### Provided data
● ● ●

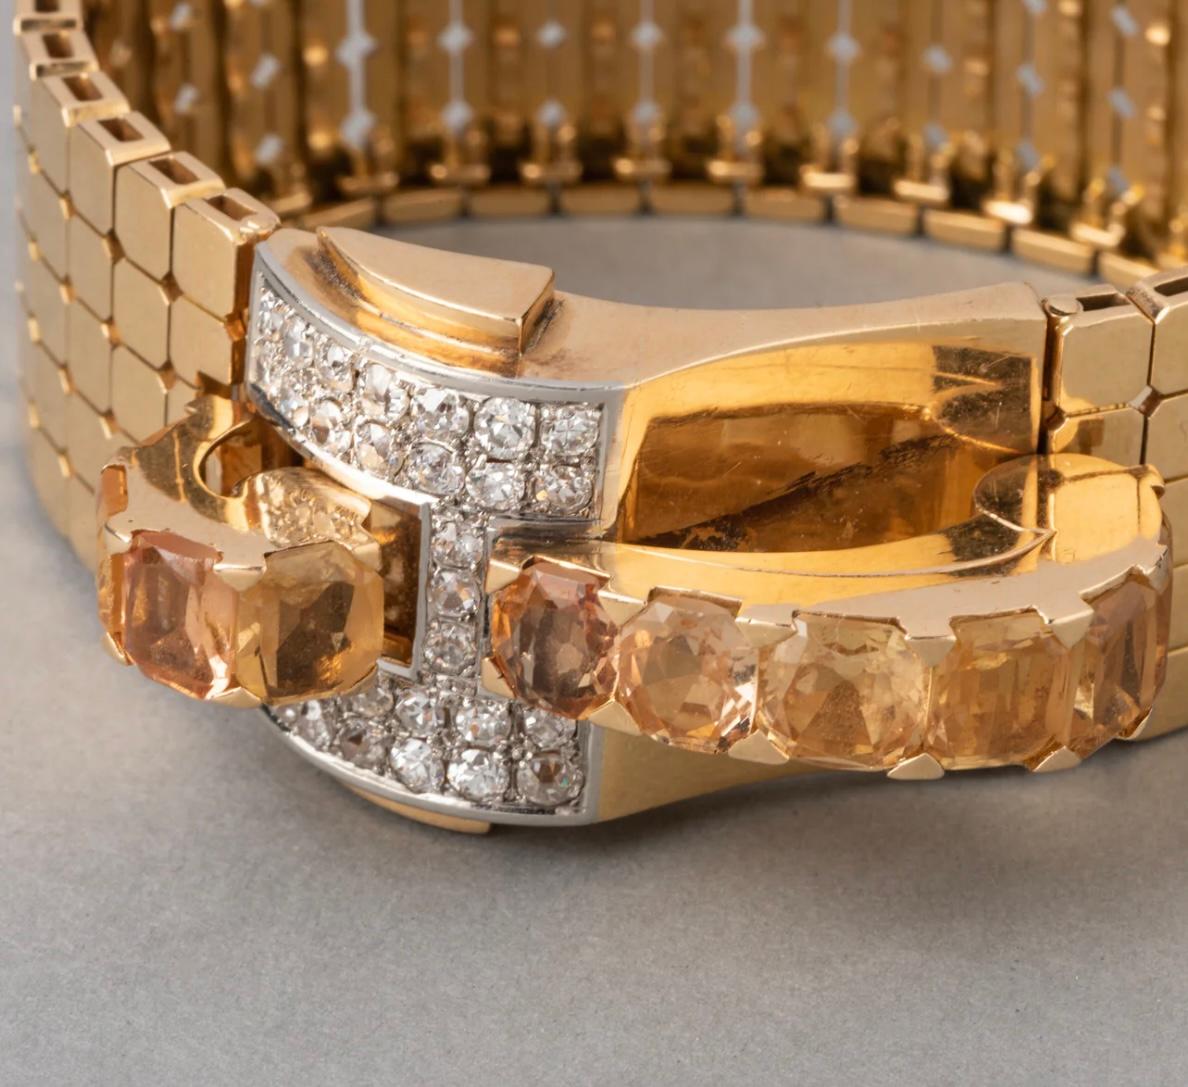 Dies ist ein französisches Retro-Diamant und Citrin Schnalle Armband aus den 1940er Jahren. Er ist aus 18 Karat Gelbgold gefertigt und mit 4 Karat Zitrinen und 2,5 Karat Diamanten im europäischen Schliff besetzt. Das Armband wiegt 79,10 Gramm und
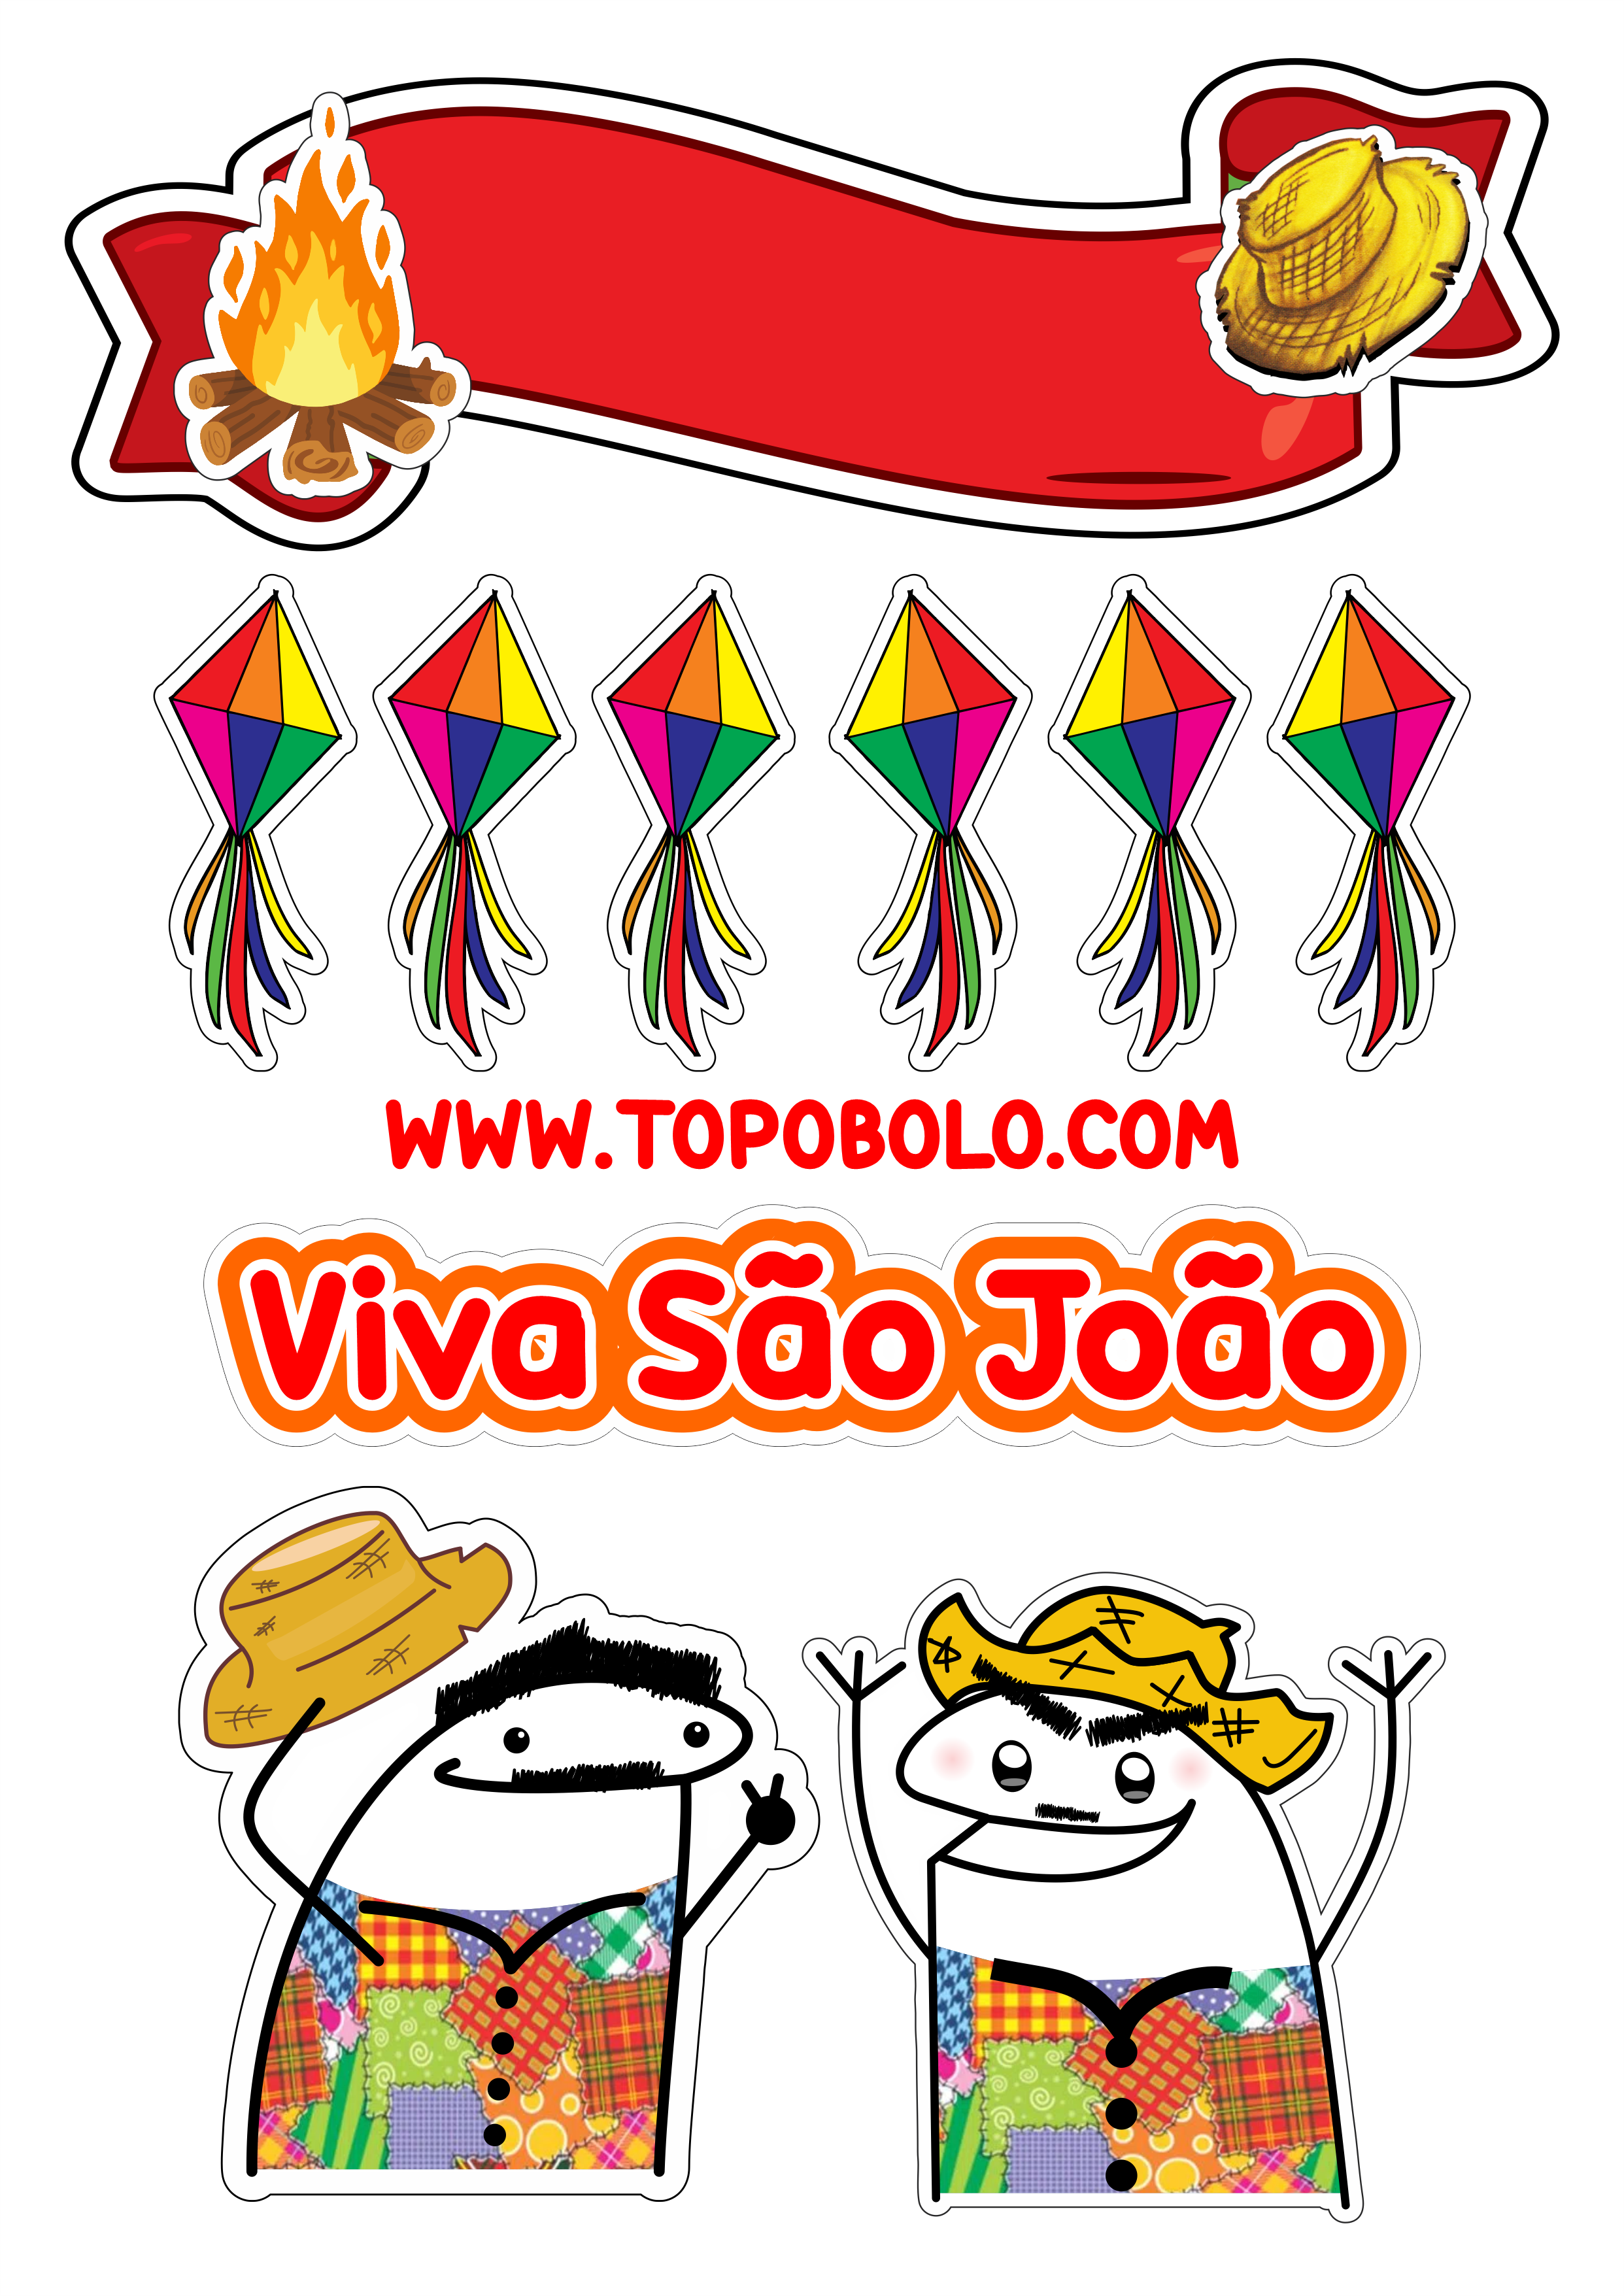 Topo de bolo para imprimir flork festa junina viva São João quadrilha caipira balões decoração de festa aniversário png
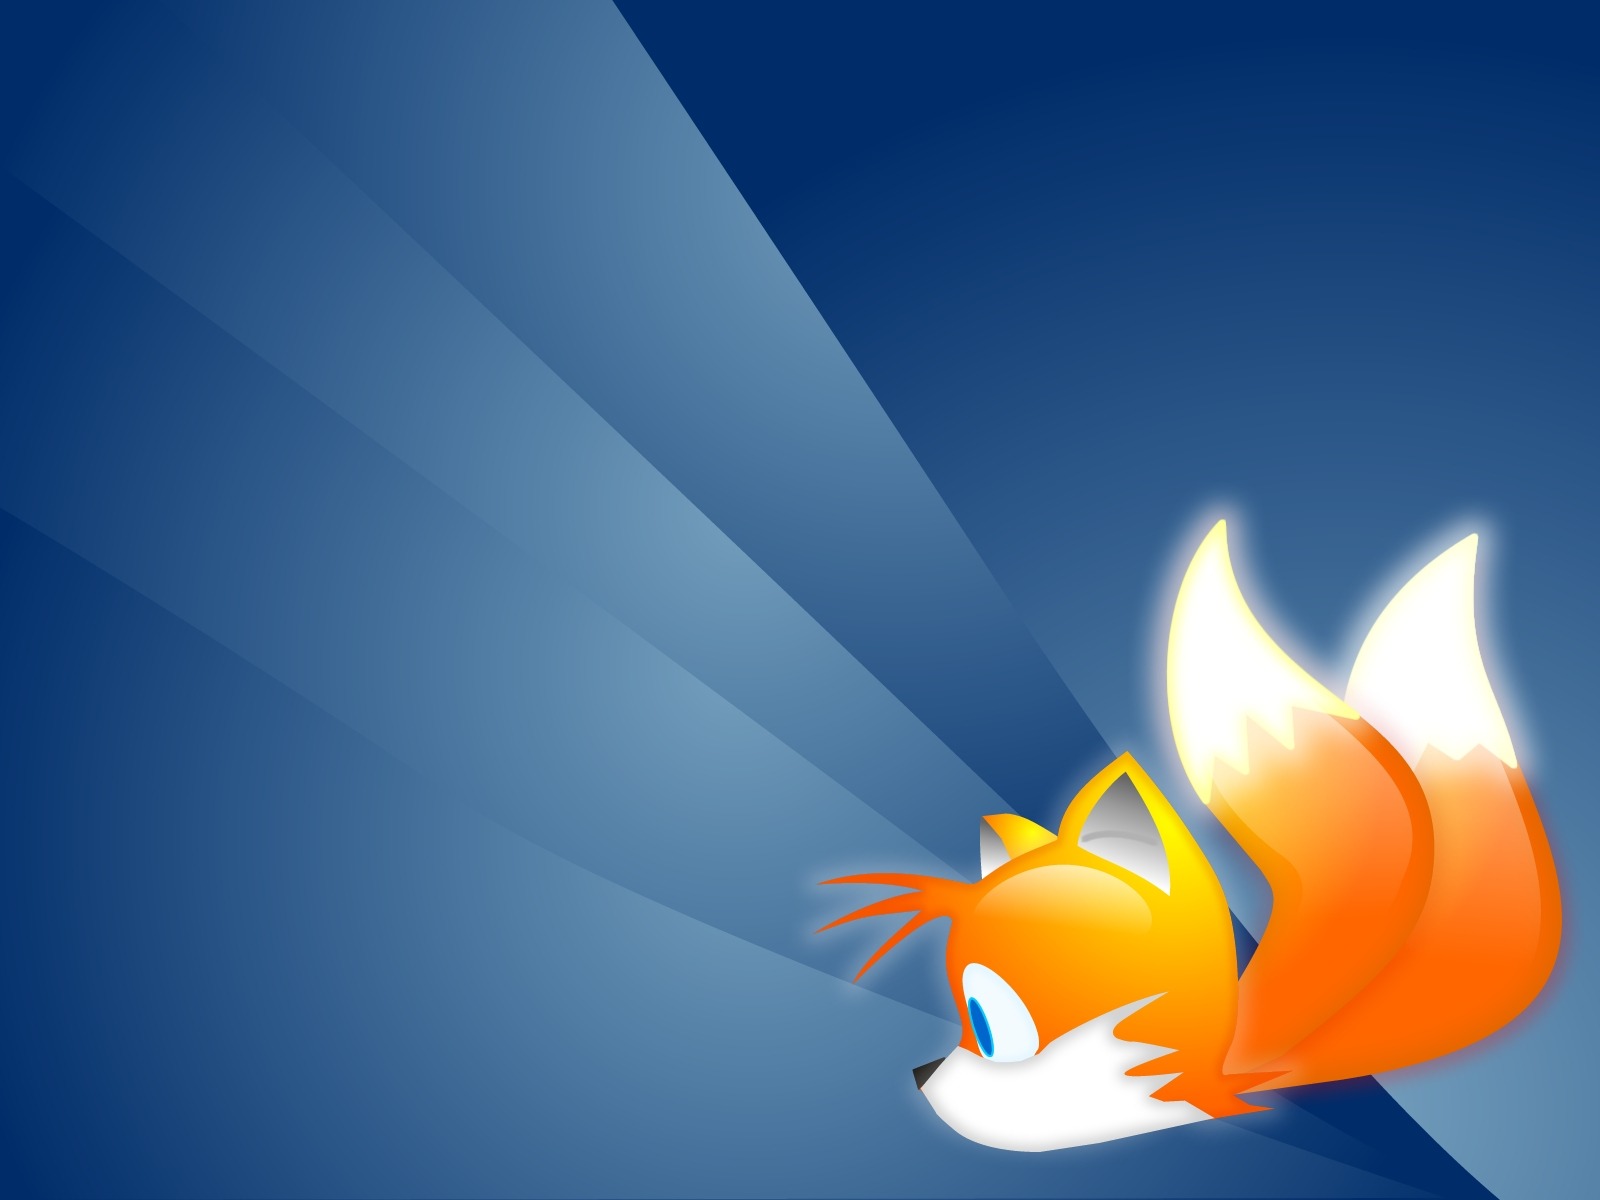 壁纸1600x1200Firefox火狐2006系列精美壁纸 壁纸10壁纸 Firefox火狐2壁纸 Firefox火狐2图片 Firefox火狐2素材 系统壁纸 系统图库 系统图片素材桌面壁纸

● ● ●

Retype, word for word, the line containing "Topo de bolo" and each line after it through the end of the data, leaving any picture out.

 Topo de bolo para imprimir flork festa junina viva São João quadrilha caipira balões decoração de festa aniversário png
 壁纸1600x1200Firefox火狐2006系列精美壁纸 壁纸10壁纸 Firefox火狐2壁纸 Firefox火狐2图片 Firefox火狐2素材 系统壁纸 系统图库 系统图片素材桌面壁纸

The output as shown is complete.